WHAT TO PRODUCE:
Only a number is expected: how many lines in the data below contain the word "Sofa".

═════ INPUT FOR THIS TASK

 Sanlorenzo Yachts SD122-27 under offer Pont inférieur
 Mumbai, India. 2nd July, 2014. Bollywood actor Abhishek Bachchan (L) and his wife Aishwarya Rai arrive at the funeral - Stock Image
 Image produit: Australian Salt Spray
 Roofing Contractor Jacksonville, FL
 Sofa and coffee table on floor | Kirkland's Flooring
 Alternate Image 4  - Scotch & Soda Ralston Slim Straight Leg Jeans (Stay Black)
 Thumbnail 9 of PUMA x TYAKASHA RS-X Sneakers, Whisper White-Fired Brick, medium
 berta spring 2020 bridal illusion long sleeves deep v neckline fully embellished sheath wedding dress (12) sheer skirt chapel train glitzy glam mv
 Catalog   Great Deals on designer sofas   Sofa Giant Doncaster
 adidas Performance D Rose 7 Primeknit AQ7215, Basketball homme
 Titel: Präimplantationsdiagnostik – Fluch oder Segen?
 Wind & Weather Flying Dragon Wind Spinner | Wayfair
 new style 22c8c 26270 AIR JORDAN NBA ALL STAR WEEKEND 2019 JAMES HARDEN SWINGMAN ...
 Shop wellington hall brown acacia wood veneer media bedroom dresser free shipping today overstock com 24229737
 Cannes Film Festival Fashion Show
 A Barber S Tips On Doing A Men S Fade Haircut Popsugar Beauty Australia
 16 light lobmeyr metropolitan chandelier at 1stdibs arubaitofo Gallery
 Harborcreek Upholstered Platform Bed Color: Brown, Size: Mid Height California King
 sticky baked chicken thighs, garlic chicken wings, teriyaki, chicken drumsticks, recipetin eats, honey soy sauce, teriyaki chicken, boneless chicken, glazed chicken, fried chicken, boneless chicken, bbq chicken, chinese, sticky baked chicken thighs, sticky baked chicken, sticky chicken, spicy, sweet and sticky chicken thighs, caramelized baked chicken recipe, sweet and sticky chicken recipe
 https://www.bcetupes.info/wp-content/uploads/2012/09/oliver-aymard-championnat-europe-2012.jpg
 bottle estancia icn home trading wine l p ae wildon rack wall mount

══════════

SOLVED EXERCISE:
2